Needless to say, I was gutted. One day was enough, I didn’t know how I was going to survive one more day without him. I was restless, anxious and over analytical the entire night. If I was getting this worked up over my dog, I thought to myself, I really didn’t want to know what it was like to watch your own children go through such things.

Today, after two hours in traffic from Santa Monica to Pasadena, a lot of stress, six pulled baby teeth, four stitches, a shaved leg and one daunting vet bill later, Henry is home again. He’s a bit drugged out and tired, but doing well all the same. He can walk, which is great and I’m hoping his leg will be as good as new going forward.

When I brought him home and put him down, he drank what seemed like a gallon of water and then went straight to pee. He quenched his thirst, emptied his bladder, ate some boiled and shredded chicken and had a nice rest in my lap the entire night.

If your dog has had luxating patella surgery, and you begin to notice behaviors such as the one Henry had, it’s a good idea to book a follow up appointment with your vet. A simple procedure can make a lot of difference. As far as I can tell, Henry is in minimal pain and he’s taking it quite well. Sometimes, we tend to forget how resilient animals are and how resilient we are when faced with adversity.

Pets not only give us joy on a day to day basis, they teach us so much about ourselves.
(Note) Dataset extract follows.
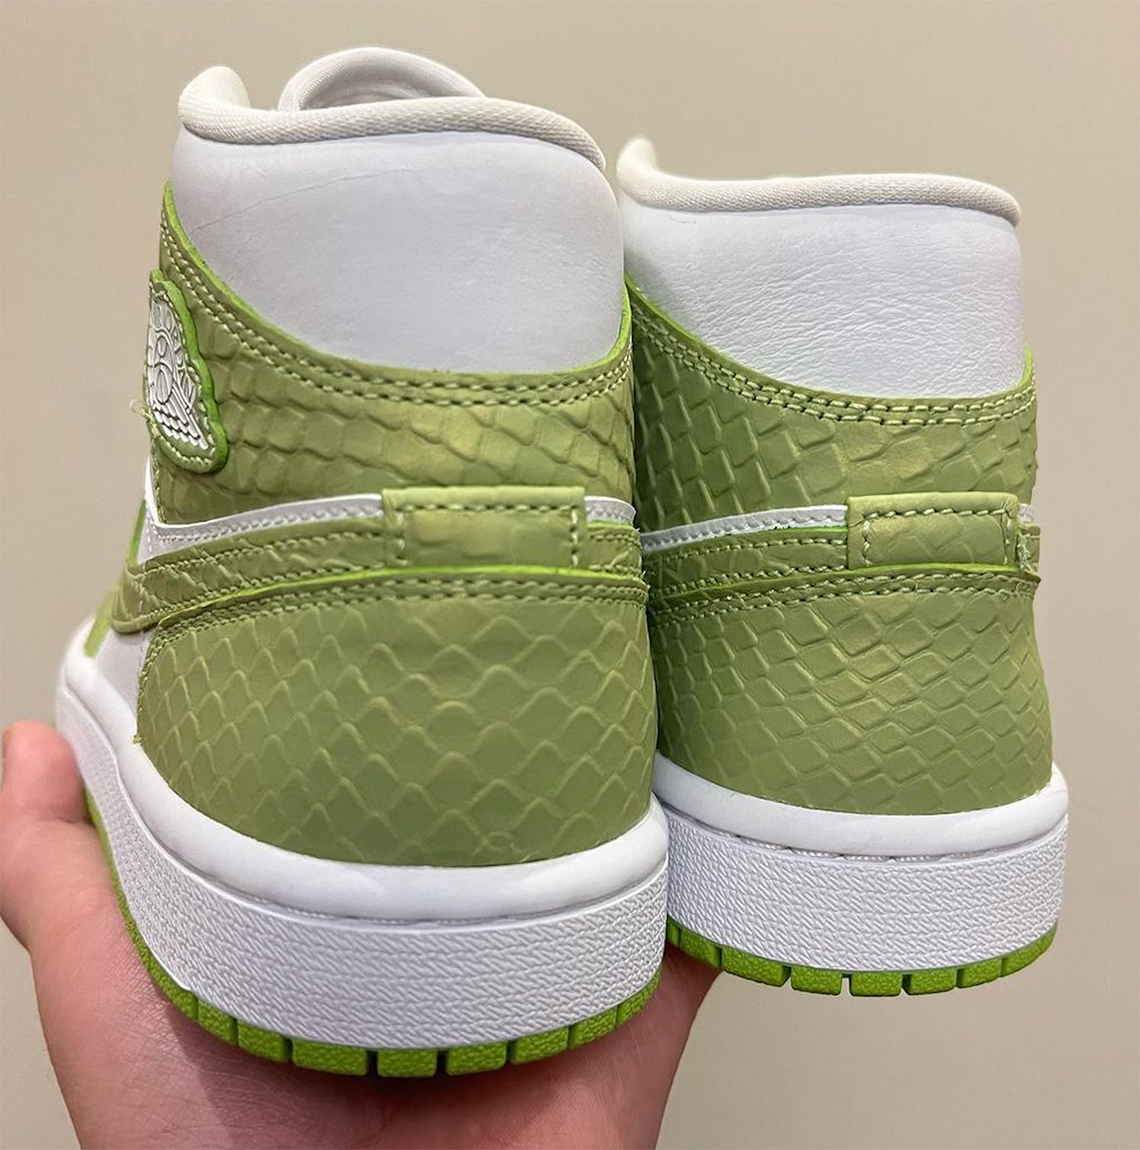 Air Jordan 1 Mid Reptile Leather Release Info | SneakerNews.com

They teach us to be selfless, to be loving, to be responsible, they teach us the most basic of human emotions: compassion. In many ways, it is the way you treat animals, not humans, that reveals who you are. After all, it was Milan Kundera, one of my favorite authors who said “mankind’s true moral test, its fundamental test (which lies deeply from view), consists of its attitude towards those who are at its mercy: animals.” Henry has managed to teach me so much about myself. There were times in my life when I cringed at the thought of having to take care of something or someone other than me. Henry has taught me that taking care of either animal or human is a truly rewarding and humbling experience and I couldn’t ask for a better little lamb.